Затем, придя к Кармелите, осведомился у консьержки о последствиях обморока юной девушки, вручил ей письмо и портрет с просьбой передать то и другое немедленно, сам же поспешил в церковь Успения.
Аббат Доминик, только что прибывший в Париж, не знал, что происходило в великой столице, а потому не мог понять, почему отец его назначил ему свидание в церкви Успения – так как если уж он желал его непременно видеть в церкви, то храм Святого Сульпиция был в ста шагах от него. Но вступив на улицу Сент-Оноре и увидев огромную толпу, ее запрудившую, целую вереницу карет, которая растянулась с улицы Кок и начала которой не было видно, он спросил у первого встречного о причине такого скопления народа. Прохожий ответил ему, что толпа собралась по случаю похорон герцога де Ларошфуко-Лианкура, умершего накануне.
XIII. Похороны дворянина либеральной партии 1827 года
Герцог де Ларошфуко-Лианкур, жестоко пораженный Корбьером в 1823 году, скончался восьмидесяти лет, ознаменовав долгую жизнь свою благодеяниями, благородством и высокой честью так, что оставил после себя память самого добродетельного, самого великодушного, самого уважаемого человека во Франции. К какой бы партии кто ни принадлежал, он не мог не удивляться великим добродетелям герцога де Ларошфуко-Лианкура, и все, начиная с беднейшего поденщика и кончая богатейшим гражданином, имя его произносили
Услышав о смерти благородного герцога, аббат Доминик понял смысл этой сочувственной демонстрации жителей Парижа.

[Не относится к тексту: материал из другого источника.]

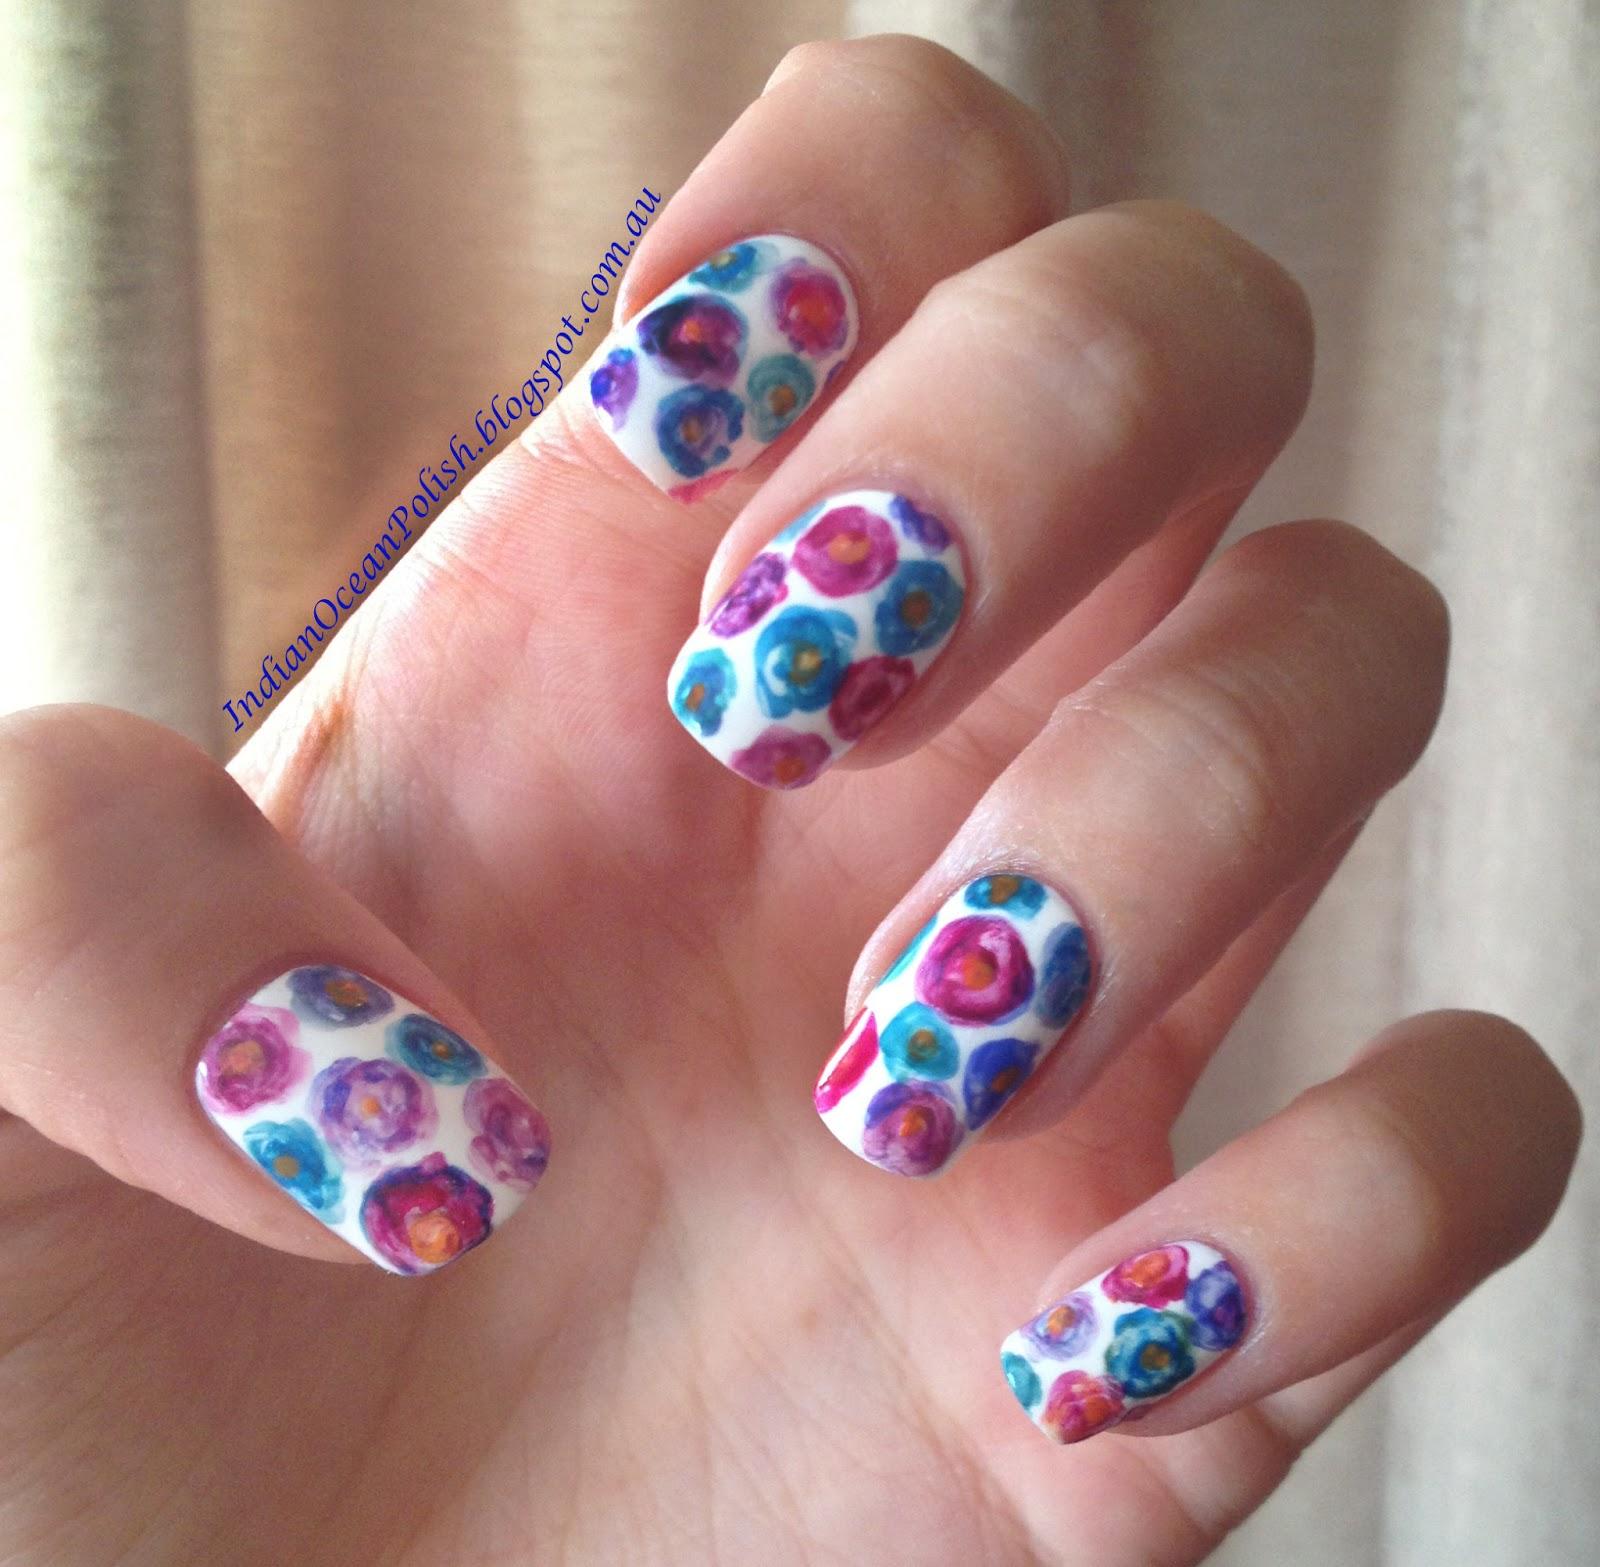 Flower Nail Art: Indian Ocean Polish: Simple Watercolour Flower Nail Art

Это было время демонстраций.
Так как дух оппозиции, за малыми исключениями, воодушевлял большую часть общества, то малейшего случая было достаточно, чтобы поймать его на лету и им воспользоваться, – колесо, вертящее страстями людского общества, не останавливалось ни на минуту. Все давало повод к демонстрациям. Туке изобрел табакерки a la Charte – и распродал их в числе пятисот тысяч! Те, которые не нюхали табака, прятали в них конфеты. И это была демонстрация.
Пиша поставил на сцене Леонида, умирающего за свободу Спарты, – и к дверям Французского театра из-за огромной толпы нельзя было подступиться. Это была демонстрация.

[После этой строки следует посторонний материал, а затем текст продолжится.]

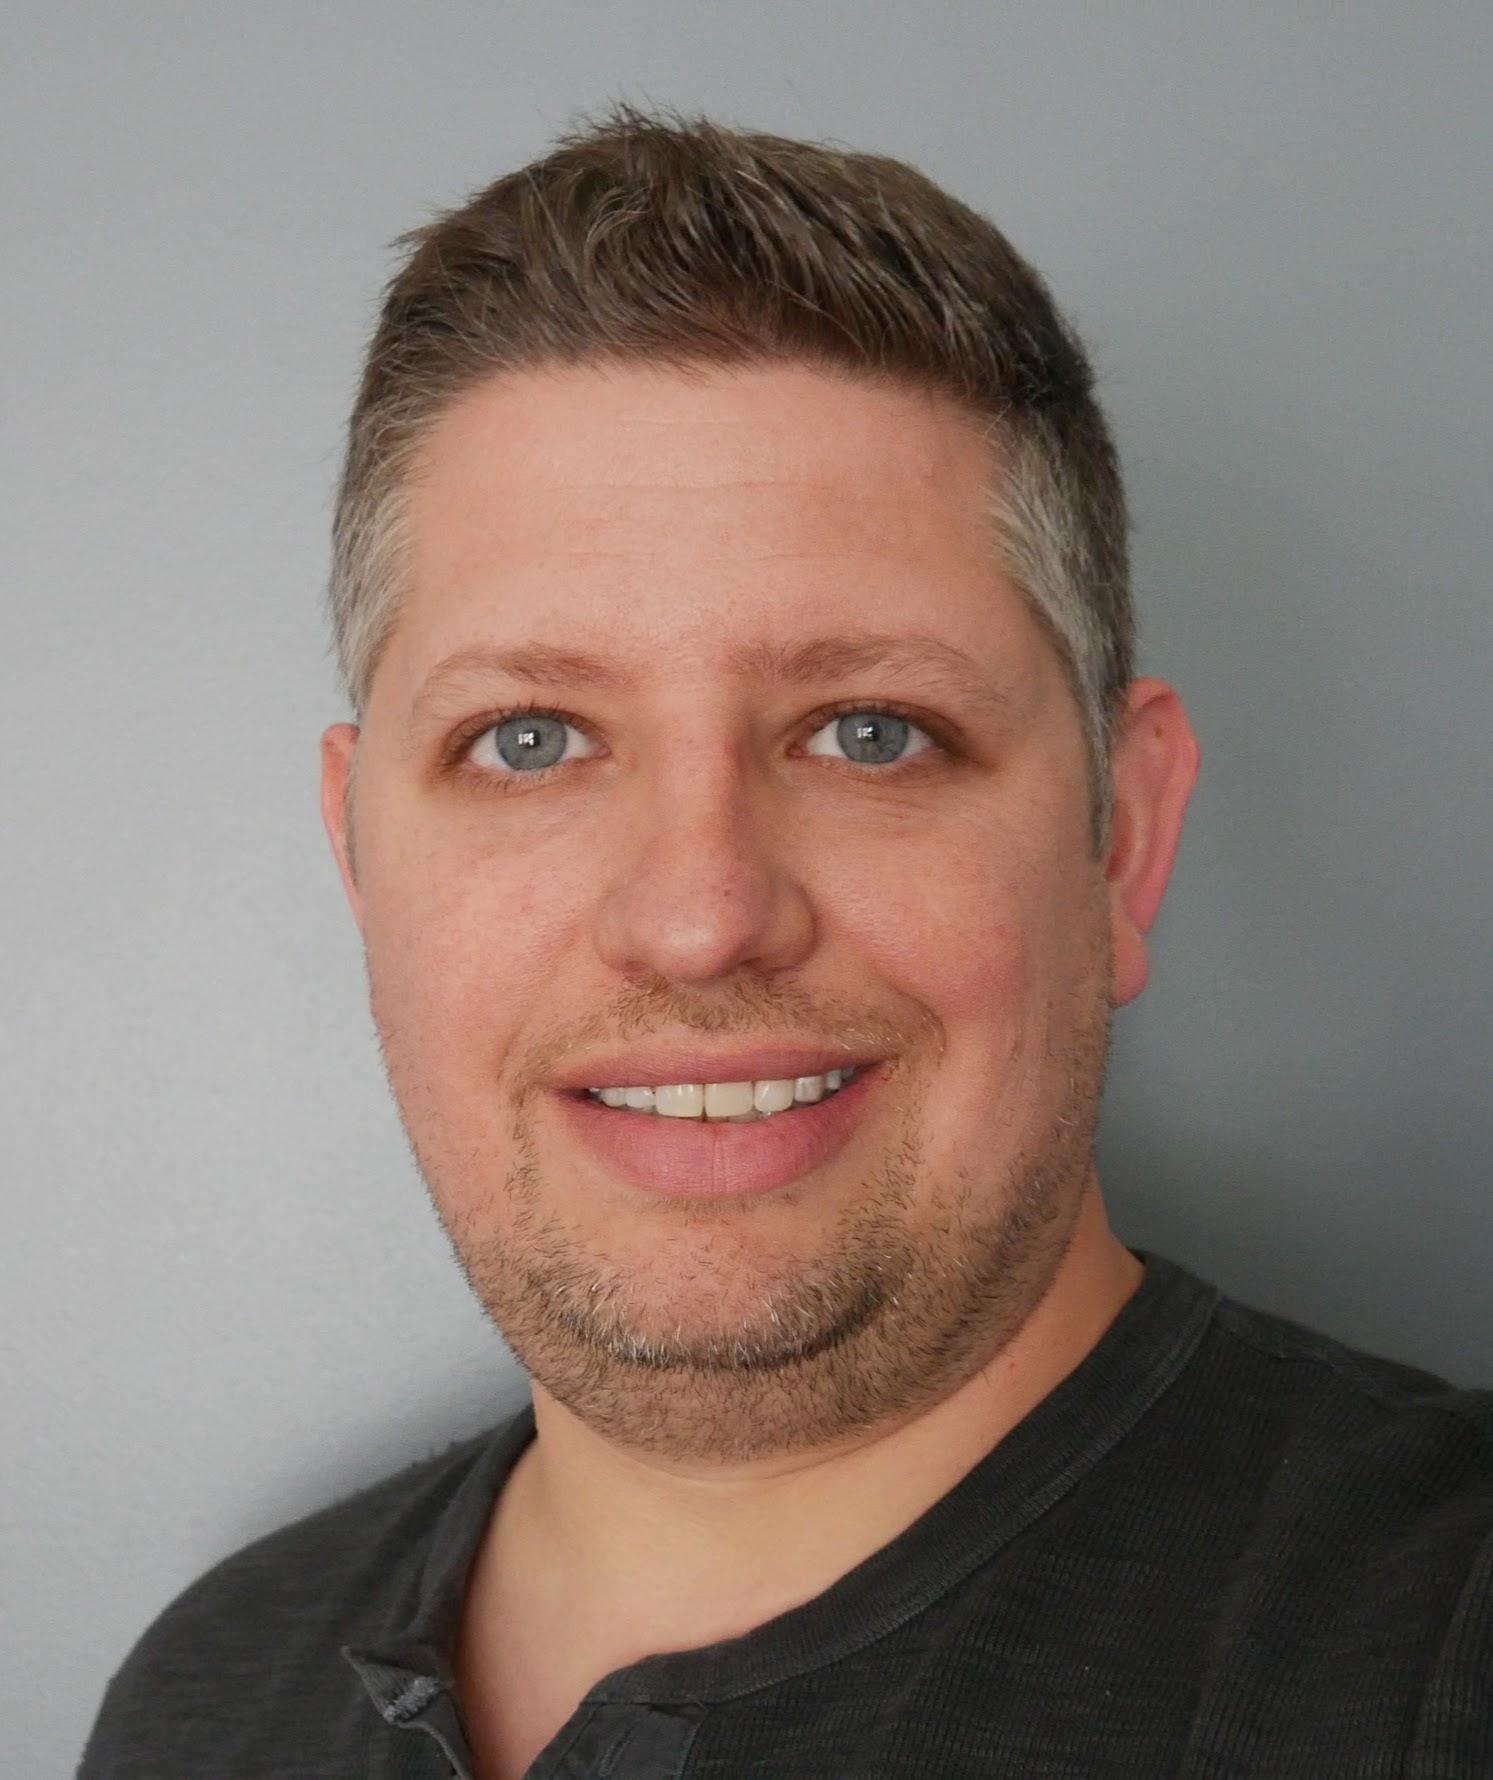 Daniel Affourtit

Генерал Фуа умер: сто тысяч человек сопровождали его тело, и Франция подписала миллион франков его вдове, – демонстрация.
Наконец, умирает герцог де Ларошфуко-Лианкур. Это был дворянин, роялист, но в то же время либерал. Воспользовались его смертью, чтобы устроить демонстрацию против крайних и иезуитов. И поэтому все классы общества имели представителей в этой толпе. Сермяга, блуза, куртка рабочего, альпага [14] и кастор [15] мещанина, мундир национальной гвардии, одежда пэра Франции, мантия судьи – все смешалось вместе. Общая скорбь, соединяя всех на одной и той же почве, принижала великих, возвышала смиренных, соединяла бедняка с богачом, гражданина с воином, академика с депутатом, с медиком.
14
Альпага – легкая ткань, выделываемая из шерсти южноамериканского домашнего животного того же названия.
15
Кастор – сорт сукна, употребляемый преимущественно на верхнее мужское платье.

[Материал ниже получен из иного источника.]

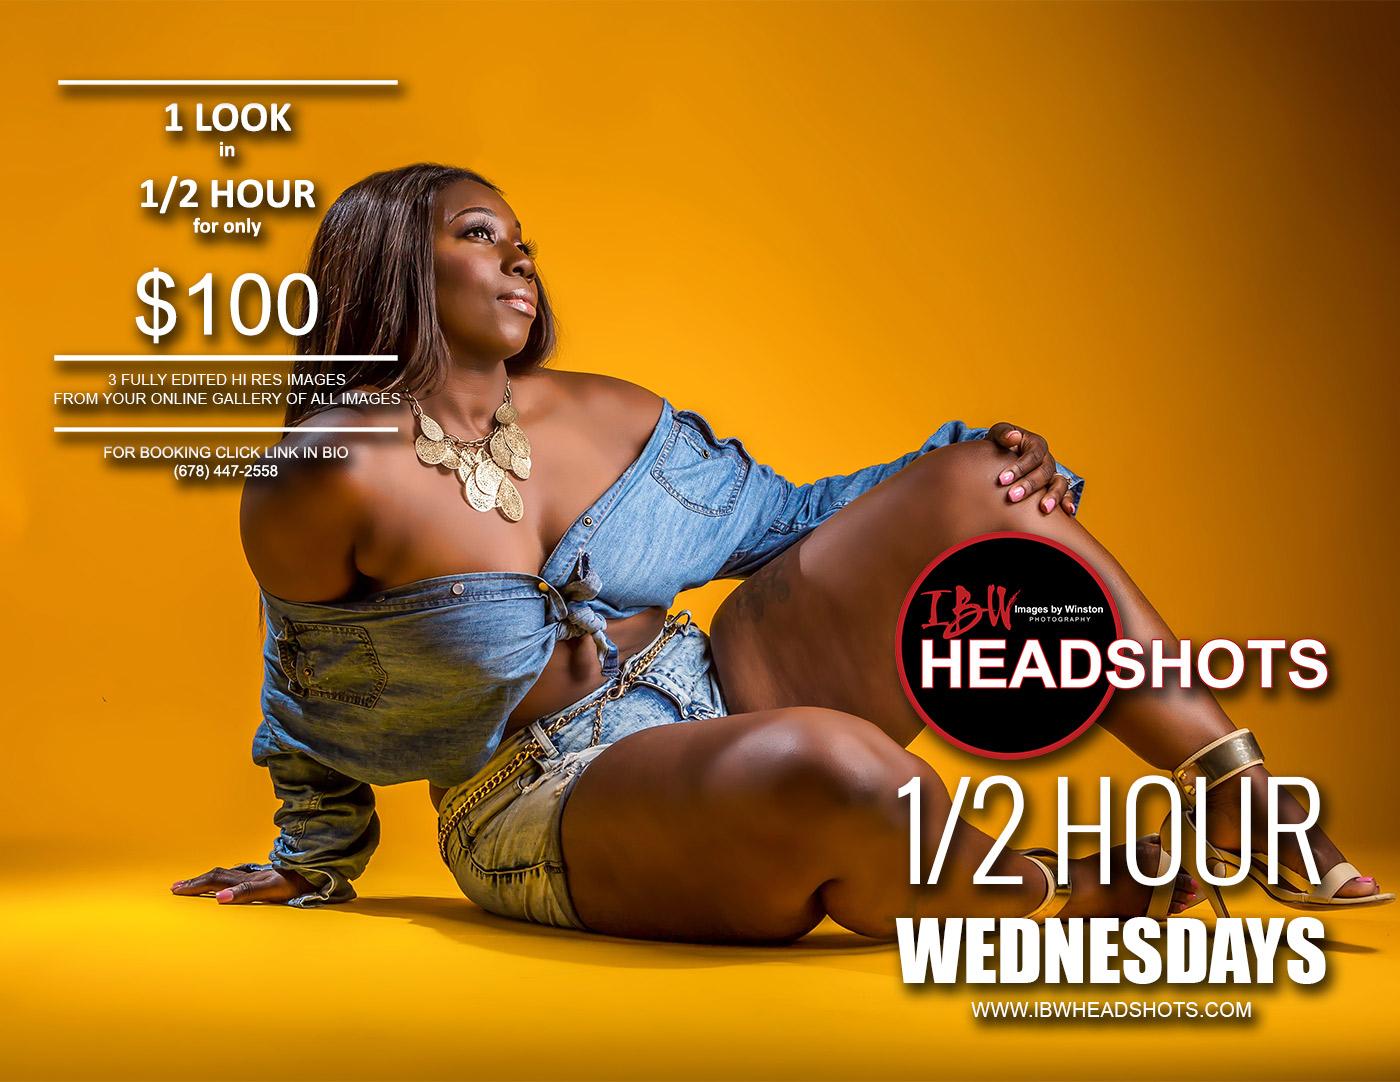 Half-Hour-Wednesday_ad4

Но более всего волновалась в этой толпе школьная молодежь, студенты, только что оставившие школьную скамью, которые своим энтузиазмом придавали особенный характер религиозности этому общественному трауру.
В ту эпоху существовали еще школы.
Когда восстания принимали драматический характер, мирный городской обыватель, дрожа от страха, выглядывал украдкой из окна, смотрел направо и налево, но всегда по направлению Латинского квартала и говорил жене:
– Успокойся, Минета, ничего, как видно, не будет: я нигде не вижу школ.
Так смотрели в 1792 году по направлению предместий. Только когда появлялись предместья, как 5-го, 6-го октября, 20 июня и 10 августа – тогда сила шла подкреплять силу; тогда как при появлении школ – как это было 2 июля, 5 июня – интеллигенция шла на помощь силе.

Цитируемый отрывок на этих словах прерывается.